We do get tremendous support from the pros, that's why I keep coming back!


----------



## angrychef (Jan 15, 2001)

That's very true bighat. That's been my "leavening" approach with my cake recipes. I love using buttermilk, sour cream or yogurt in my butter cakes, muffins, cornbread, etc. I consider the leavening power of the soda with the acidic ingredients, then decide whether it's enough as it is or does it need further lightening with baking powder. Takes a lot of trial and error, but it is fun.


----------



## w.debord (Mar 6, 2001)

VERY INTERESTING, Bighat. 

Besides going thru the process of testing is there a general guideline based on some sort of quanities?
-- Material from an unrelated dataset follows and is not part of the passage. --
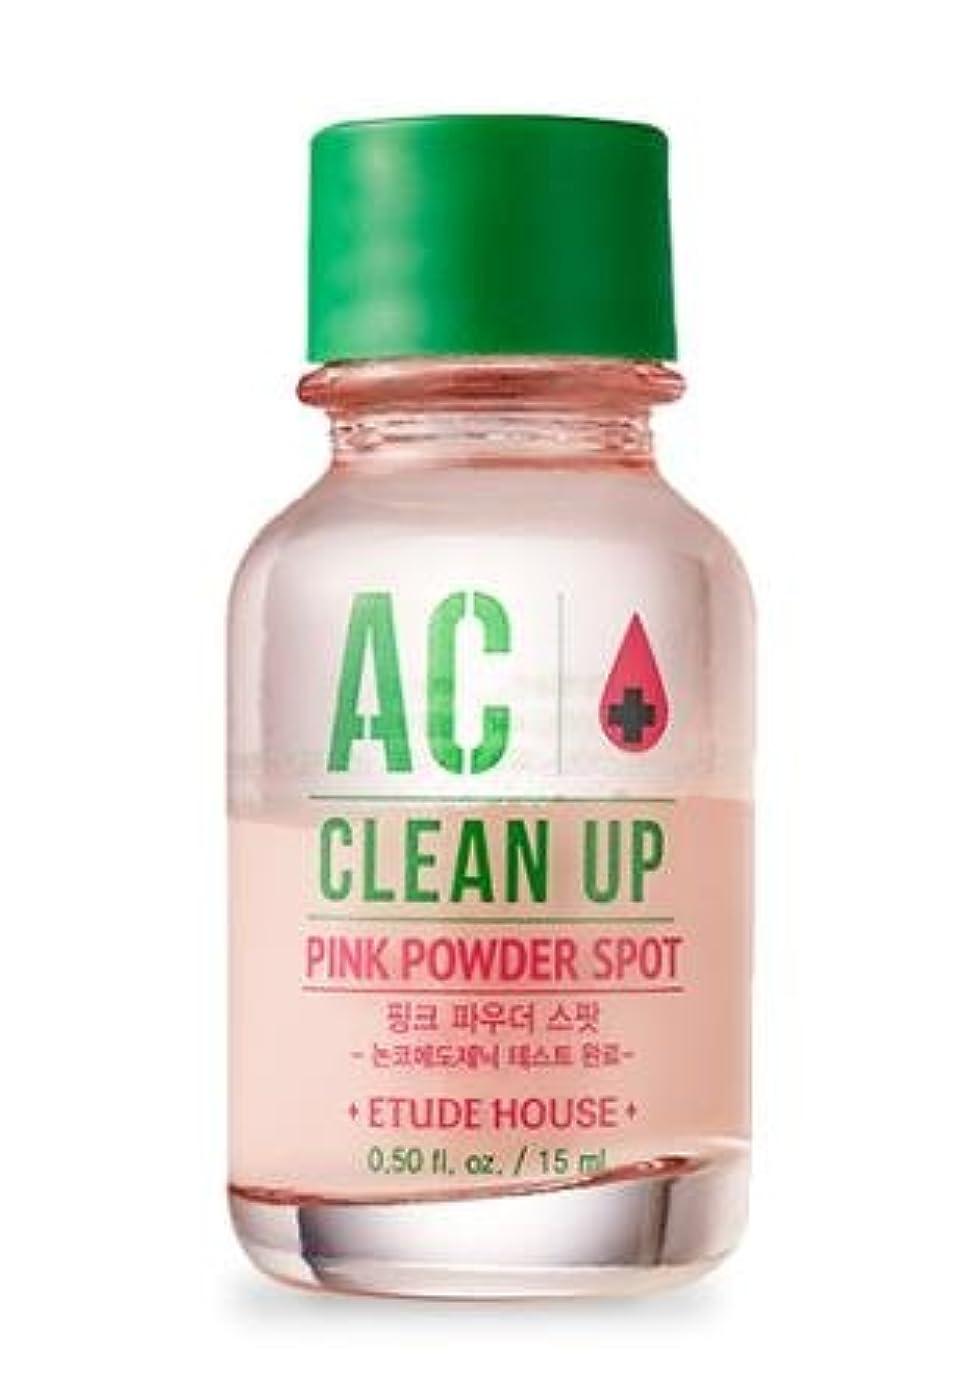 ETUDE HOUSE AC Clean Up Pink Powder Spot 15ml エチュードハウスACクリーンアップピンクパウダースポット [並行輸入品]

Like for each oz. of acid ingredient you need this much soda or this much powder to balance?


----------



## angrychef (Jan 15, 2001)

My method of madness uses 1/2 t. up to 3/4 t. of baking soda per 8 oz. of acidic ingredients. Once I know more or less what works in my recipes, I try to round off to even decimal numbers(1/2 oz., etc.) since I think I waste to much time measuring by teaspoons. An example of trial and errror is my muffin recipe which uses 10 oz. of buttermilk or yogurt to 1 t. baking soda plus additional baking powder.


----------



## anna w. (Nov 27, 2001)

Big Hat and Angry Chef-

Thank you so much. This explains a lot. Appreciate all the info.


----------